→ **Task**
Copy all data exactly. Skip pictures.

→ **Provided data**
========

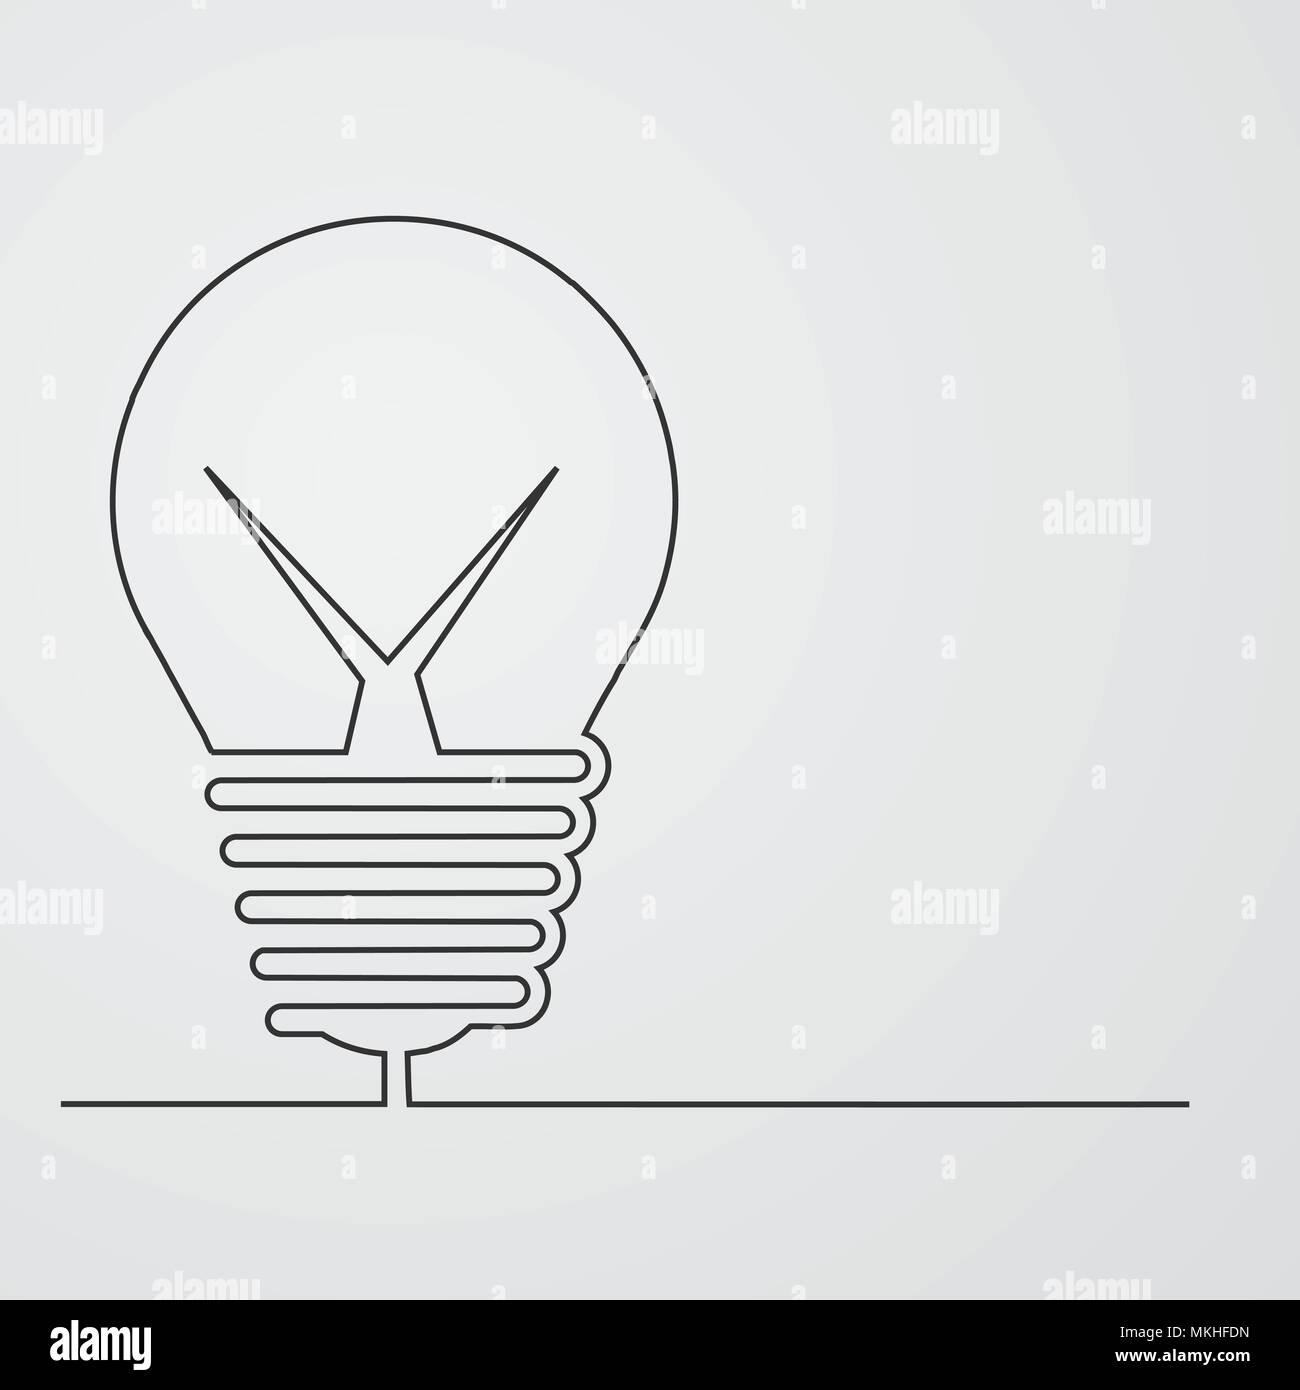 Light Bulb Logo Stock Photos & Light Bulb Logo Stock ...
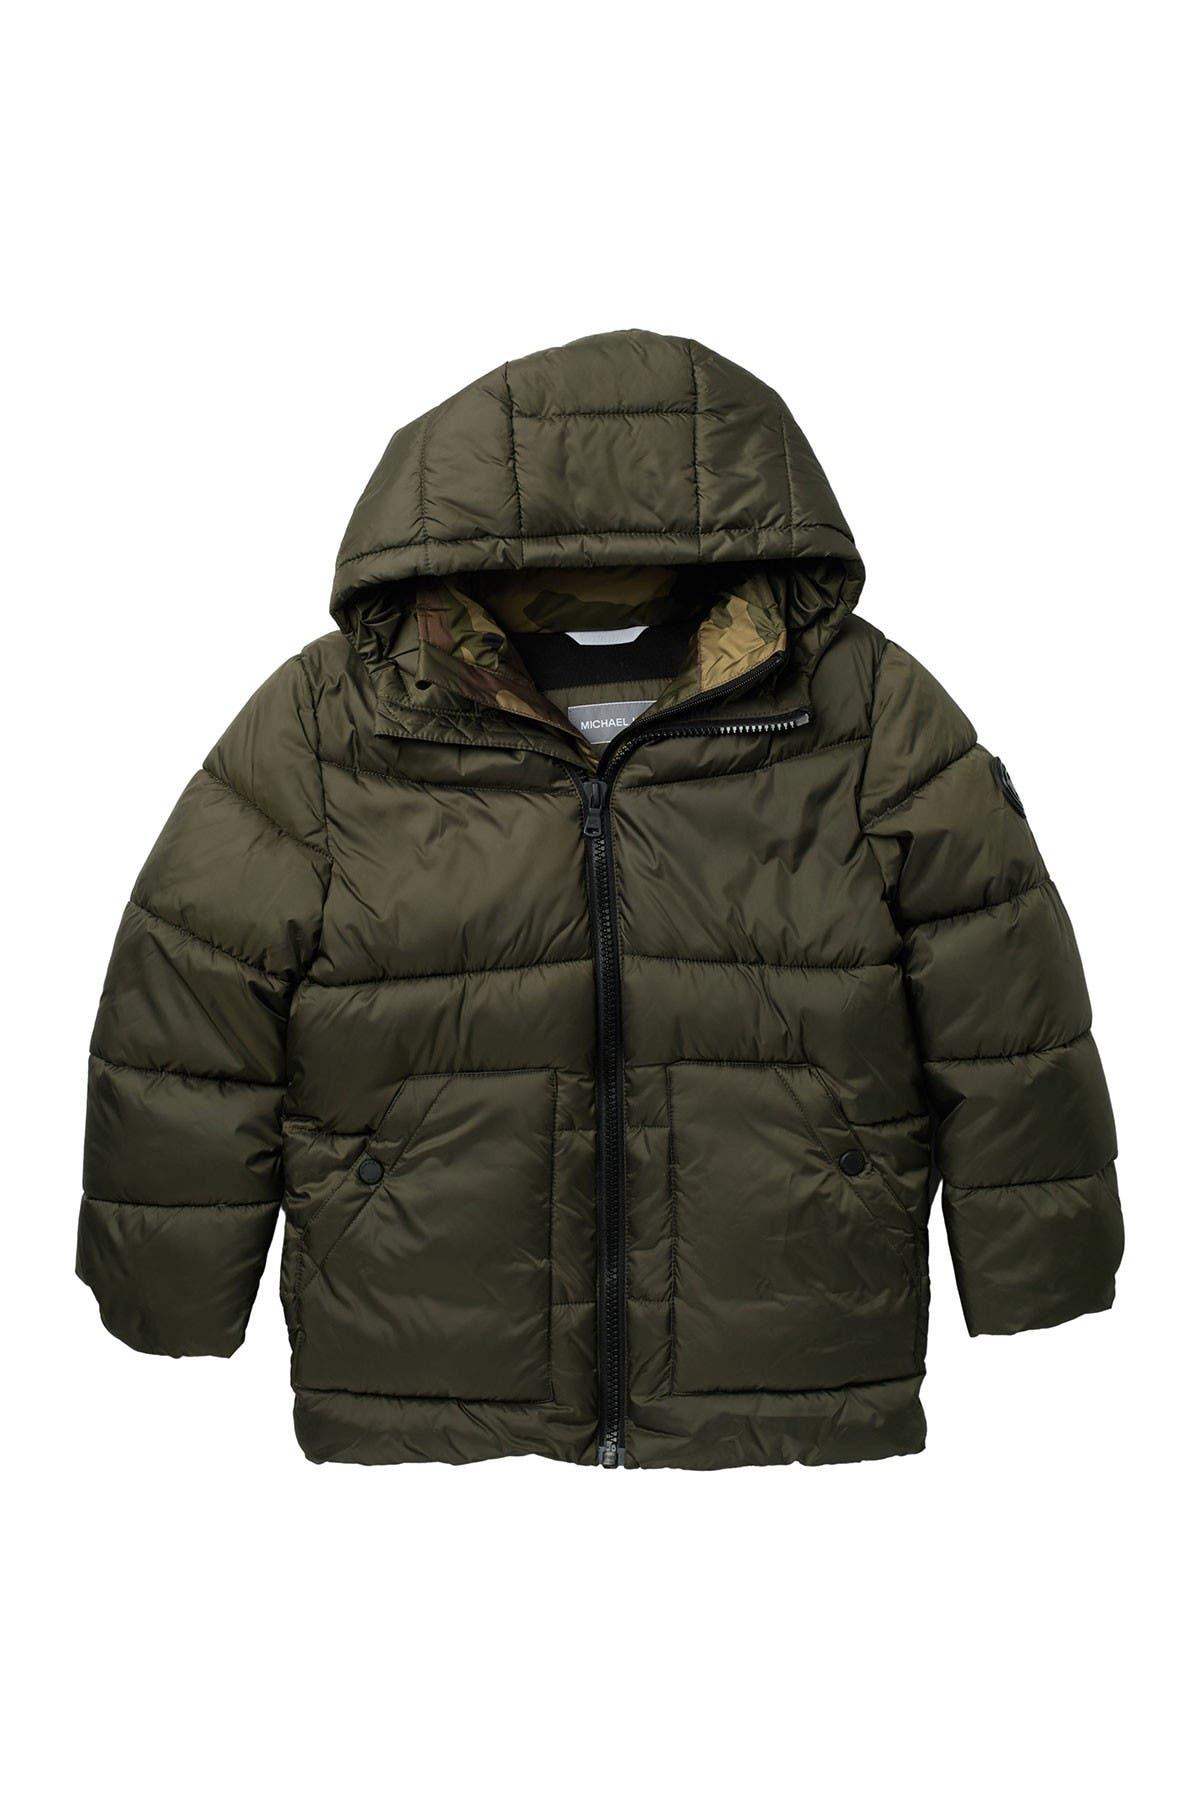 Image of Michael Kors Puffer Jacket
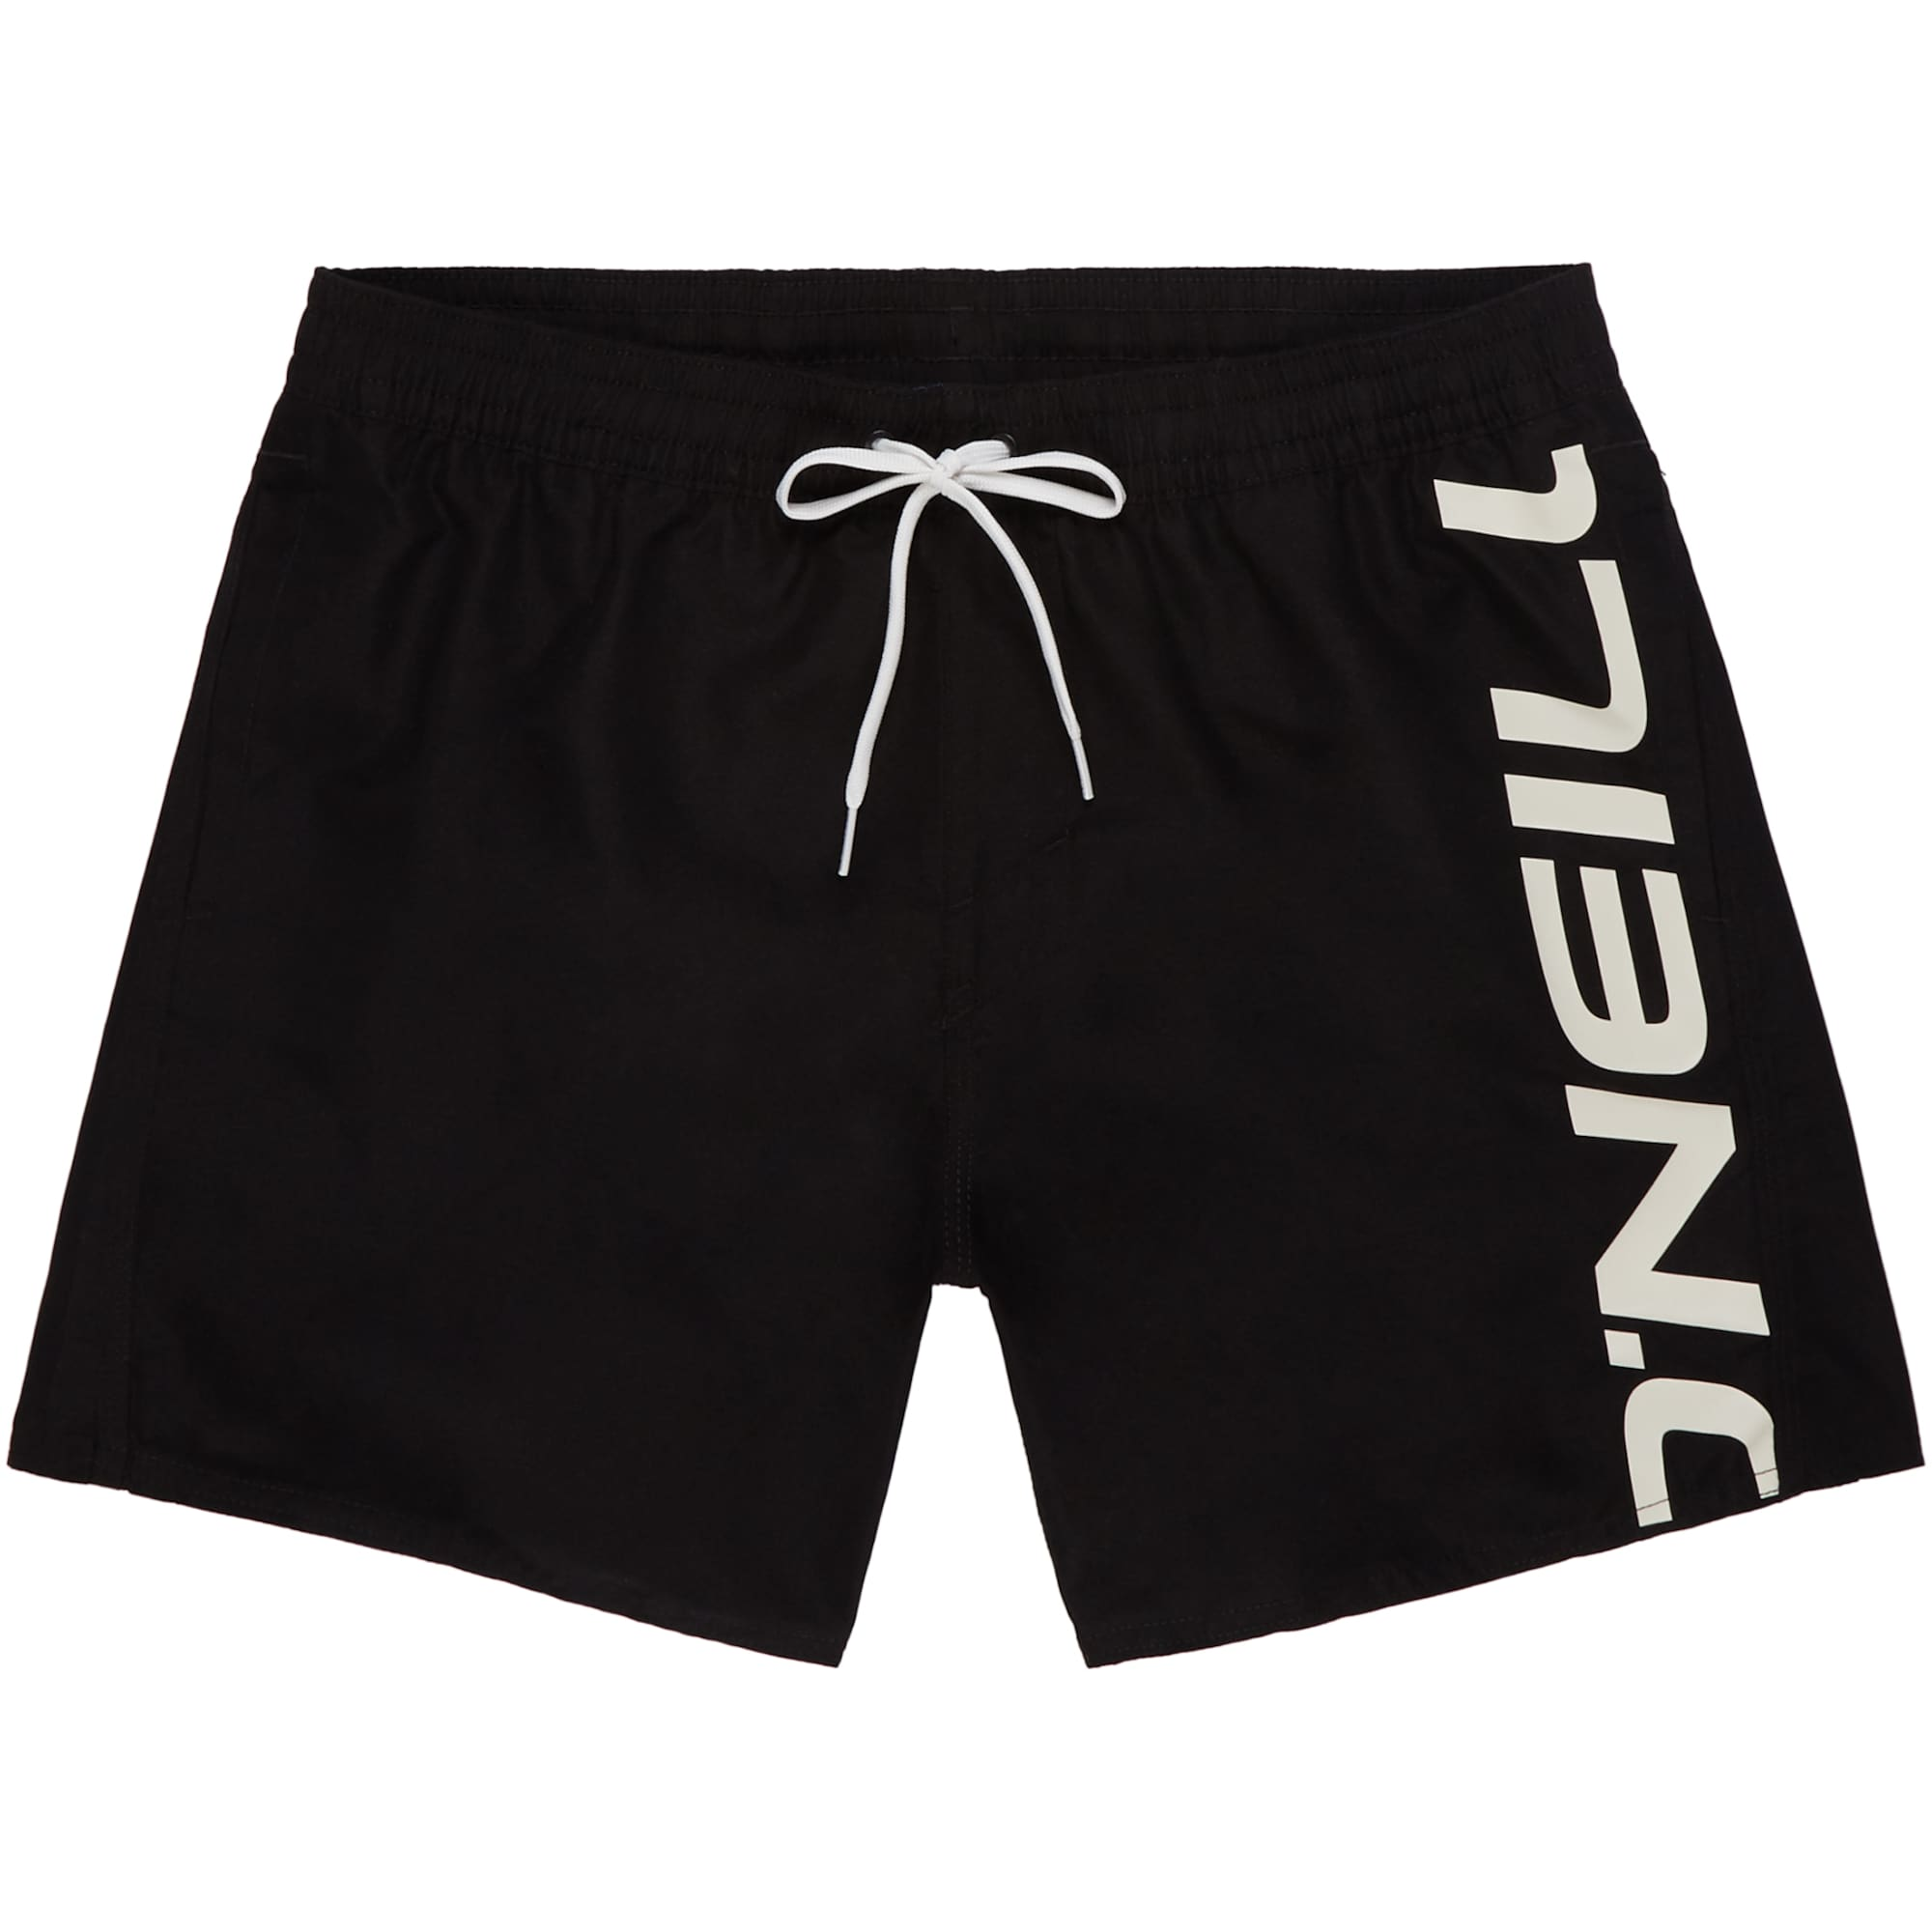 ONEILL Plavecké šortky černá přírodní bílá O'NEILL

========

→ **Result for this exercise**
 Light Bulb Logo Stock Photos & Light Bulb Logo Stock ...
 Image of Michael Kors Puffer Jacket
 ONEILL Plavecké šortky černá přírodní bílá O'NEILL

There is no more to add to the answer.